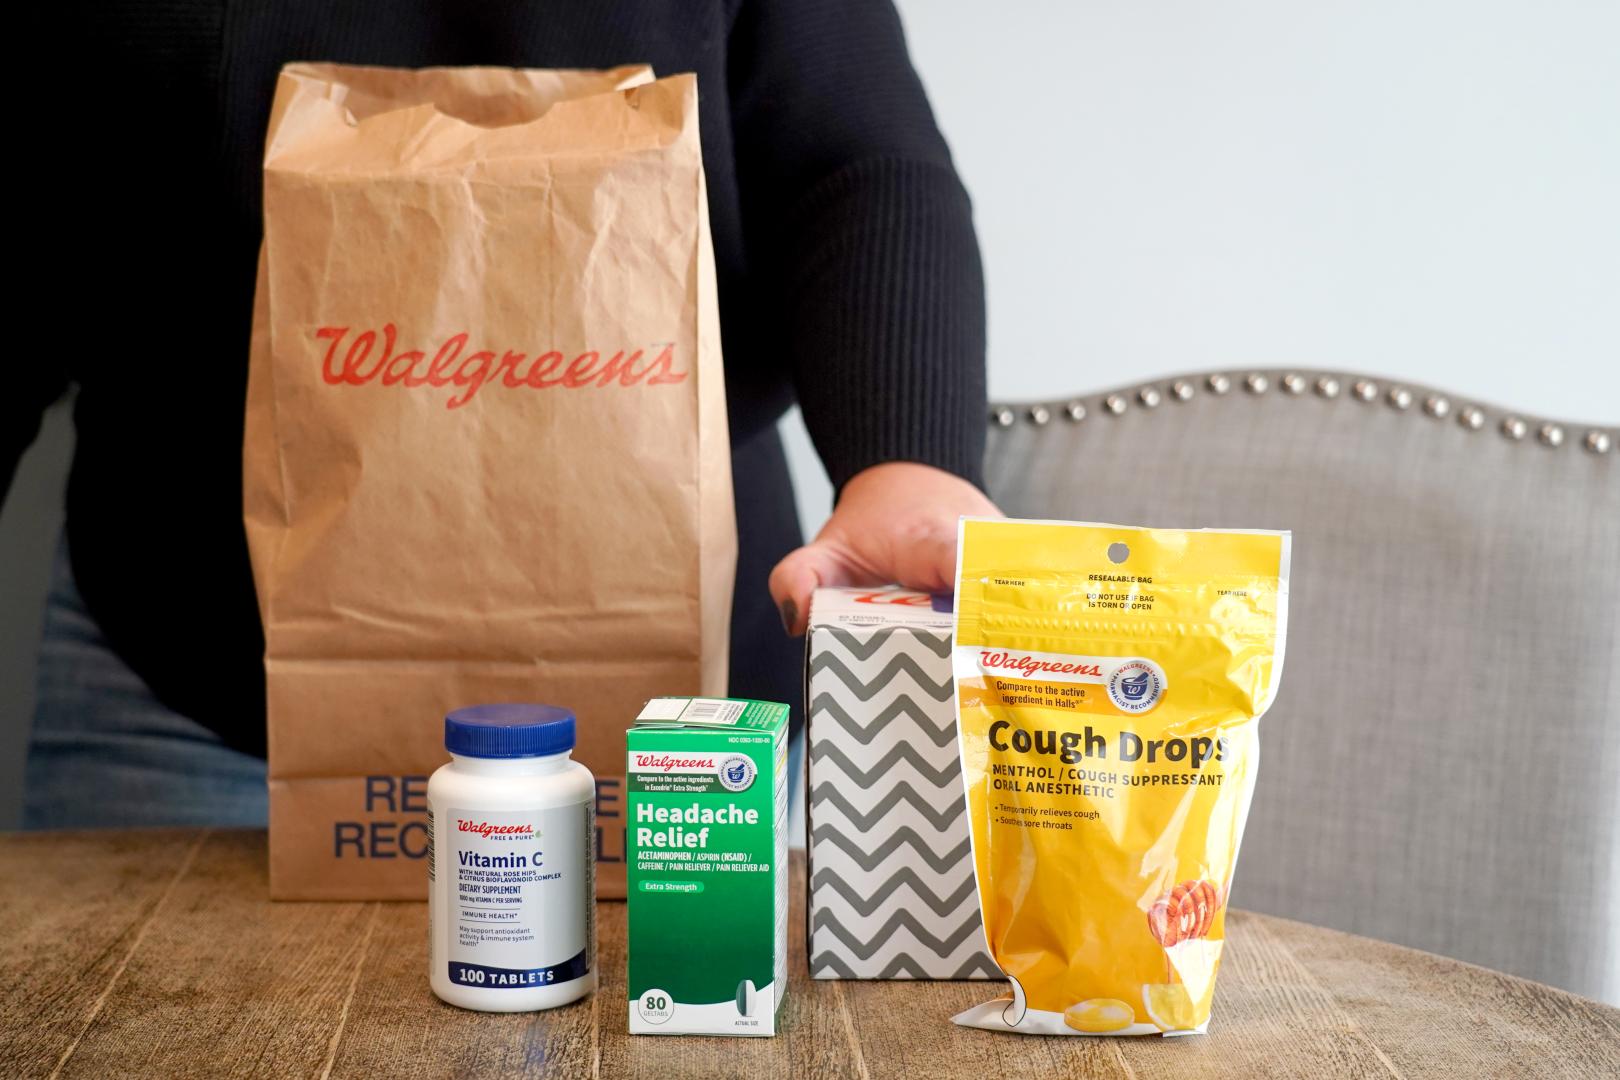 Walgreens offers the most retail products for 24-Hour Same Day Delivery, with more than 27,000 items available.
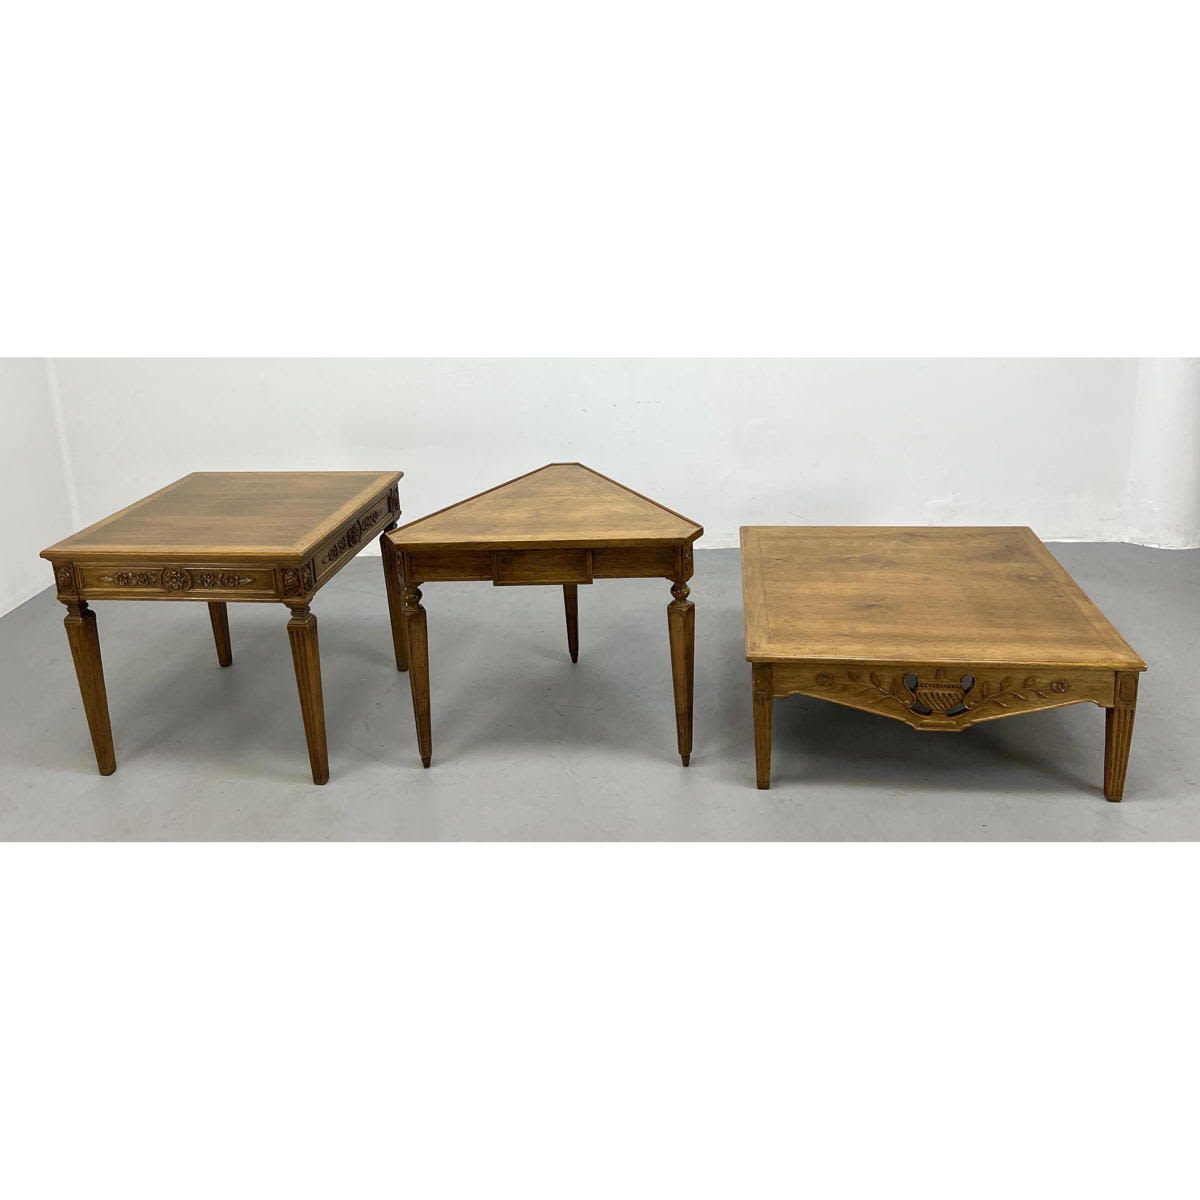 3pcs Country French Style Tables.
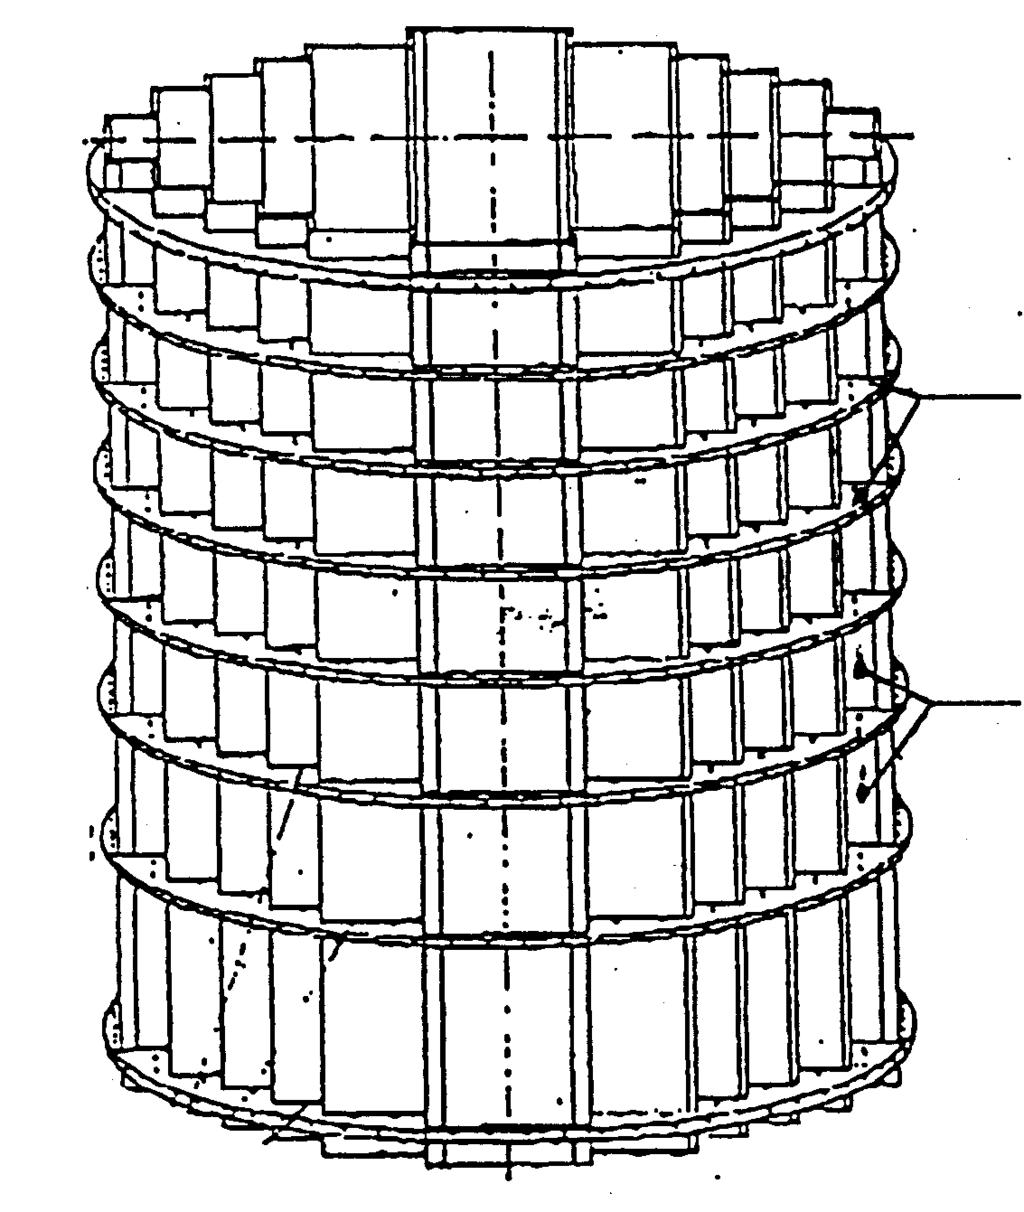 Baffle-former-barrel Assembly in a Typical Westinghouse
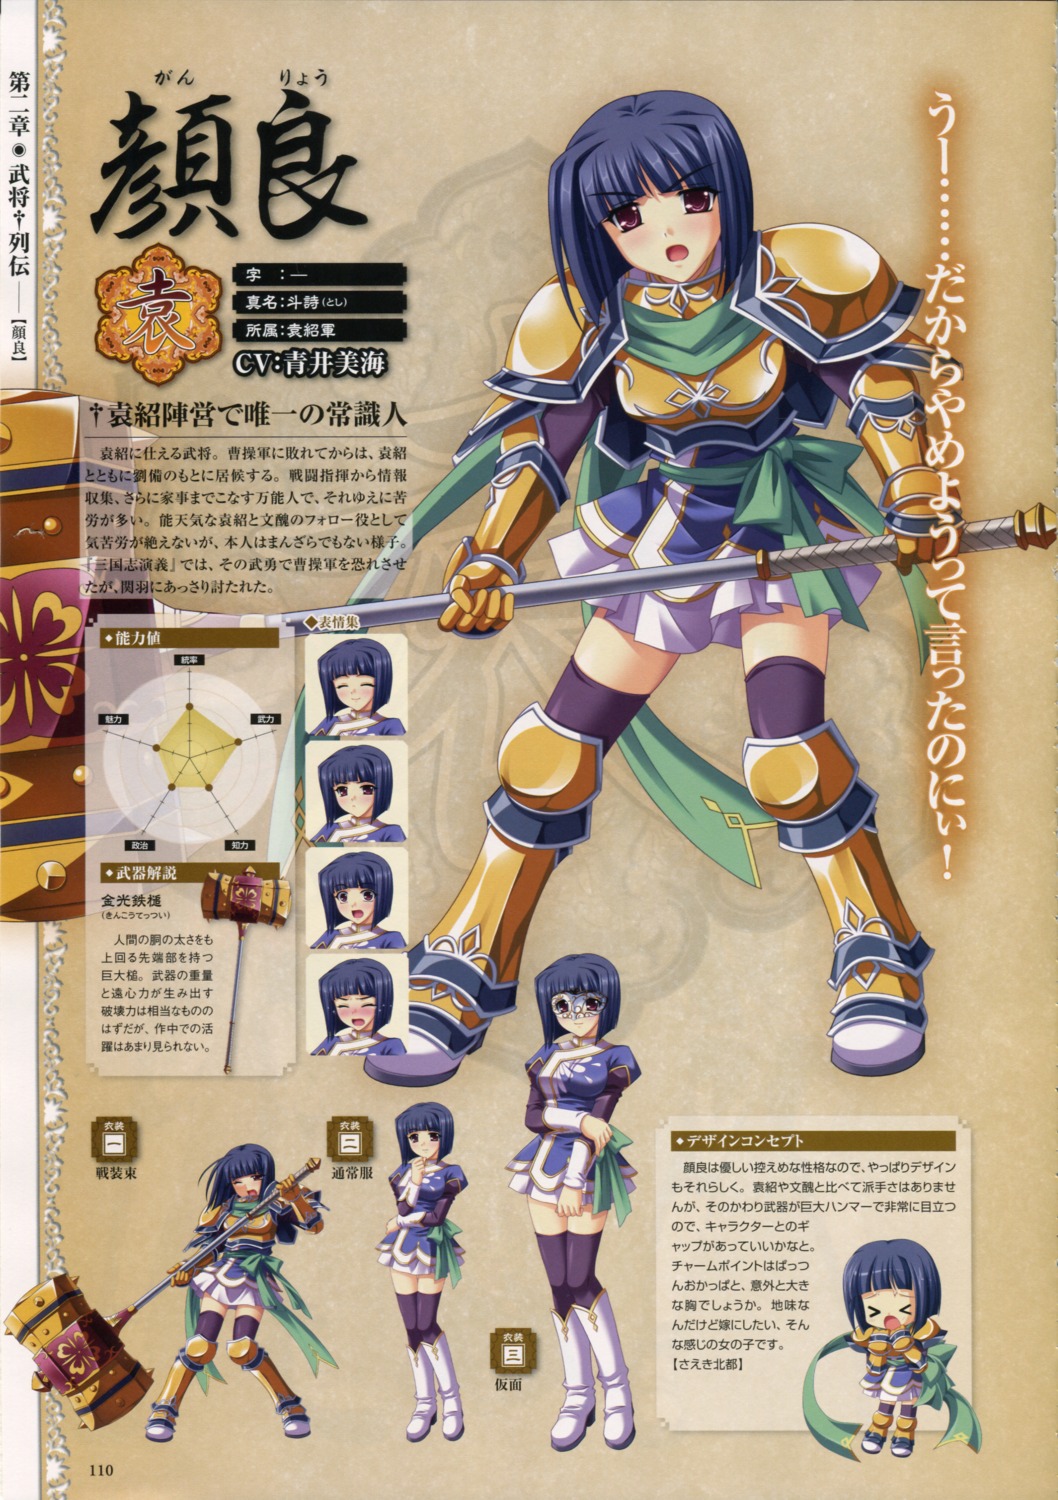 armor baseson character_design chibi expression ganryou koihime_musou profile_page thighhighs weapon

-- TASK TO CARRY OUT --
Each line from the one that holds "3pcs Country French Style Tables." through the end of the material should be repeated exactly, and nothing more. Leave out any picture.

-- TASK SOLUTION --
 3pcs Country French Style Tables.
 Baffle-former-barrel Assembly in a Typical Westinghouse
 armor baseson character_design chibi expression ganryou koihime_musou profile_page thighhighs weapon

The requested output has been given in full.